» **What you are asked to do**
Look through the records below for the line with "Ulff, die Backenhörnchen" and the line with "梁文音(左)2016年與張念", then return those lines and all lines between, exactly.
--
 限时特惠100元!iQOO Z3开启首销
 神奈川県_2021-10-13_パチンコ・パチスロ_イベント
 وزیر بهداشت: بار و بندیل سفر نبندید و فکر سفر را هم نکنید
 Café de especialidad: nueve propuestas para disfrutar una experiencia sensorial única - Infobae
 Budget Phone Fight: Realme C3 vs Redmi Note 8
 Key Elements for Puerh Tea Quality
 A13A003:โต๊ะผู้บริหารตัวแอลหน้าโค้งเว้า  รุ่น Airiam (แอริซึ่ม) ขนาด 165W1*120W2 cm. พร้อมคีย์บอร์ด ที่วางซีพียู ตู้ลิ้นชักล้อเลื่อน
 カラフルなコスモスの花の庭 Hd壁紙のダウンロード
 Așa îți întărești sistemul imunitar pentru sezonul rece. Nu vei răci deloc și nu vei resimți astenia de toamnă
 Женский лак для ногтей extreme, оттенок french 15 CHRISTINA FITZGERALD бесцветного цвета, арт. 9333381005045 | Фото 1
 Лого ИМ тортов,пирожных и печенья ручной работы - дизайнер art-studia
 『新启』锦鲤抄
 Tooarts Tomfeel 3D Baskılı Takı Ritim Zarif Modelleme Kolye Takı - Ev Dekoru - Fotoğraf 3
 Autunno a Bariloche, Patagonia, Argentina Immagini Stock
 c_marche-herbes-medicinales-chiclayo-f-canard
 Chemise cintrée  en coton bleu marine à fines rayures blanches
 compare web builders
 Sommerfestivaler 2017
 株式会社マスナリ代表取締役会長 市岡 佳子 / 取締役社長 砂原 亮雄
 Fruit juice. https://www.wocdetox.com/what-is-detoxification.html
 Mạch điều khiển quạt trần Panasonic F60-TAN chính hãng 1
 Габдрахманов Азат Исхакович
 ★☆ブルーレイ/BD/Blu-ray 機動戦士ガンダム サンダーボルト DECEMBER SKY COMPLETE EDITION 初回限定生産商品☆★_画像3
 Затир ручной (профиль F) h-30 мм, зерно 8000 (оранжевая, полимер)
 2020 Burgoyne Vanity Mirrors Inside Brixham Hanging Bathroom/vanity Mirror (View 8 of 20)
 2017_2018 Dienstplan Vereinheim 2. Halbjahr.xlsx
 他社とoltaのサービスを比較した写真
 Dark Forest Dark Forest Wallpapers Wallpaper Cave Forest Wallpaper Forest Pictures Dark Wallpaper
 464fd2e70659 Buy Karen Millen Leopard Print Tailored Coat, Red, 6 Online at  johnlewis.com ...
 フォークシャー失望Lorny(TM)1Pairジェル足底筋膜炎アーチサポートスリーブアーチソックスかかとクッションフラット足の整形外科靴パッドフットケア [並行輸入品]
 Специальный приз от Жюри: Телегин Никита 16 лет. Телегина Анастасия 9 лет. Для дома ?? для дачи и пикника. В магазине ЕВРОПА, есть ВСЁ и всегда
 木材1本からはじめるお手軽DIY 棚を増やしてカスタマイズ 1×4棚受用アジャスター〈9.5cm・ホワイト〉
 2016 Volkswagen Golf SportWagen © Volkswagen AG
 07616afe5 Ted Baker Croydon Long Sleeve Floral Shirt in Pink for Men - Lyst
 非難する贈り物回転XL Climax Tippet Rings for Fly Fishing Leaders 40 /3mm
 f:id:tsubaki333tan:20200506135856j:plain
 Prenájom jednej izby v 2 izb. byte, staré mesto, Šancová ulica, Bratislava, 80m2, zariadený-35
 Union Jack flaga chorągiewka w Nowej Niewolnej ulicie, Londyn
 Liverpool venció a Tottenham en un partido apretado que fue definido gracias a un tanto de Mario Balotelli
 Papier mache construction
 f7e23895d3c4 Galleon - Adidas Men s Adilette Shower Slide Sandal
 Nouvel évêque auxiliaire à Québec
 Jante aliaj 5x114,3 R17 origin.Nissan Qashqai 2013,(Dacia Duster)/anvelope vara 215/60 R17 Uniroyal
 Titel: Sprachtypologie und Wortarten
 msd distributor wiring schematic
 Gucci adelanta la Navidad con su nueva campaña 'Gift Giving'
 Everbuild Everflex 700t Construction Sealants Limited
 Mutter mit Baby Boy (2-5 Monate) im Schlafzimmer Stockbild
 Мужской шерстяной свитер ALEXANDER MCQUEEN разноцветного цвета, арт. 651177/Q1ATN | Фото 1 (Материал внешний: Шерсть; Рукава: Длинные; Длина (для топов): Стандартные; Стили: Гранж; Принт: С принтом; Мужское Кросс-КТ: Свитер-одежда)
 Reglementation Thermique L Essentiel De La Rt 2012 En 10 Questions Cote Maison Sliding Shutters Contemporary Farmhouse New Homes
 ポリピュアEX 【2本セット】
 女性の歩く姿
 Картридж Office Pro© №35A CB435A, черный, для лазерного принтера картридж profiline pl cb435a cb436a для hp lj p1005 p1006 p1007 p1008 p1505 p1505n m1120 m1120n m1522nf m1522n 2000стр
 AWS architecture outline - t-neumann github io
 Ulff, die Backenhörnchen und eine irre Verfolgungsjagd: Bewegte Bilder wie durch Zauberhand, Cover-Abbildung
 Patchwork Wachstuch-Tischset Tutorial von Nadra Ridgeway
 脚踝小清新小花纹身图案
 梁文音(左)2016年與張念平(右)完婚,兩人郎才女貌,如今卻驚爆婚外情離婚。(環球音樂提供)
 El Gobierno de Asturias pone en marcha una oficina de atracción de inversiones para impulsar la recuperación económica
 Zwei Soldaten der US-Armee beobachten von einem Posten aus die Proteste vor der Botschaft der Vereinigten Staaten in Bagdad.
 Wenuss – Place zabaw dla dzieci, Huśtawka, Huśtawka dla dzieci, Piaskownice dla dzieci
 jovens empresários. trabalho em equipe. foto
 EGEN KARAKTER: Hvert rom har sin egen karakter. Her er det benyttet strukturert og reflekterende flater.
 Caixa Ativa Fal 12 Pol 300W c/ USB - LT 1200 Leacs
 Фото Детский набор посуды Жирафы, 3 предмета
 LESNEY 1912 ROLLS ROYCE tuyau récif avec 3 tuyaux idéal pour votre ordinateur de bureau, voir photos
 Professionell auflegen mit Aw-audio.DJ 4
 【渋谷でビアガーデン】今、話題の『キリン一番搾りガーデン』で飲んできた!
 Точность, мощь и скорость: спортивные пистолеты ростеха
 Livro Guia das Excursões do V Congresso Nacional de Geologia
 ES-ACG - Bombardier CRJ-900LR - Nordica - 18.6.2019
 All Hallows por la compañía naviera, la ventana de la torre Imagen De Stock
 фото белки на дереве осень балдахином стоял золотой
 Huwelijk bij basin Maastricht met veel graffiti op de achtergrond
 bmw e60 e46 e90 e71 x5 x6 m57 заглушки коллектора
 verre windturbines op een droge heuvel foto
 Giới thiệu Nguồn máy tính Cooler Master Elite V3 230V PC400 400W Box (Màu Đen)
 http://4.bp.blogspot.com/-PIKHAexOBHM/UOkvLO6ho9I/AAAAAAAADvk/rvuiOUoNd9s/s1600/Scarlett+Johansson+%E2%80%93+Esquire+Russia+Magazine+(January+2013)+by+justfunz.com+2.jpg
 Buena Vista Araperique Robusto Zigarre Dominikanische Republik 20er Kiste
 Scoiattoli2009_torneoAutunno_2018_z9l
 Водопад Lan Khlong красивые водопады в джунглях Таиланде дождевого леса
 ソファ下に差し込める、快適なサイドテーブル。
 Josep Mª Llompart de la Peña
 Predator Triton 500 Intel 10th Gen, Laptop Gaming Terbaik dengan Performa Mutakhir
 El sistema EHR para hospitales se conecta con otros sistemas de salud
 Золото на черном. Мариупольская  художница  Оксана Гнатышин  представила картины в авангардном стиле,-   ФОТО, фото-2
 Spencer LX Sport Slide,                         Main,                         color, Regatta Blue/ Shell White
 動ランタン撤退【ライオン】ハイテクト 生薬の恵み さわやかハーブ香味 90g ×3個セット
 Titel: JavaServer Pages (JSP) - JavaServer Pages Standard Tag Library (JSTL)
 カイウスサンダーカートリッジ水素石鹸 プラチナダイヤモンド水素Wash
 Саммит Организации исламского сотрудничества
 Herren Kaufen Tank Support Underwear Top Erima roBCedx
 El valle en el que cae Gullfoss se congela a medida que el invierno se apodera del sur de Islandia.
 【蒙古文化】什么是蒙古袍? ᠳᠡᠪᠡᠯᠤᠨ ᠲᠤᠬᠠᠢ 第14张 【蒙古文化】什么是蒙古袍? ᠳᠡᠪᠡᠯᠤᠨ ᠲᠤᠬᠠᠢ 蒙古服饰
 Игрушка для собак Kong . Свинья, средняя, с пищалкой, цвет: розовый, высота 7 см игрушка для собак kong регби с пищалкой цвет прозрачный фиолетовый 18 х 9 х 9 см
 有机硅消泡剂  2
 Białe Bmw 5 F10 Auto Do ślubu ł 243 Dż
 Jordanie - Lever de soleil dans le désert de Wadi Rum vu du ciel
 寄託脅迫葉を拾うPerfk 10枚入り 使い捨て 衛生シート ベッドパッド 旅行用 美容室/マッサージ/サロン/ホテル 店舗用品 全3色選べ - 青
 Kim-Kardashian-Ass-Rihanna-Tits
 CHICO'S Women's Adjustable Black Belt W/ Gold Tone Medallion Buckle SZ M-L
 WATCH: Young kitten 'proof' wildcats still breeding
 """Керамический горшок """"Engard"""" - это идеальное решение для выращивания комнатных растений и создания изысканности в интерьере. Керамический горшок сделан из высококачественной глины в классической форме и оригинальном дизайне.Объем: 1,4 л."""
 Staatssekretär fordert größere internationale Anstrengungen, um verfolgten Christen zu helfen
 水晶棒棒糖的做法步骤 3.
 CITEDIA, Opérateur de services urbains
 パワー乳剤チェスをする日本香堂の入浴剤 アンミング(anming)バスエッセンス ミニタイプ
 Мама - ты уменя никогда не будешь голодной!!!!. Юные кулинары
--
» **Completed task**
 Ulff, die Backenhörnchen und eine irre Verfolgungsjagd: Bewegte Bilder wie durch Zauberhand, Cover-Abbildung
 Patchwork Wachstuch-Tischset Tutorial von Nadra Ridgeway
 脚踝小清新小花纹身图案
 梁文音(左)2016年與張念平(右)完婚,兩人郎才女貌,如今卻驚爆婚外情離婚。(環球音樂提供)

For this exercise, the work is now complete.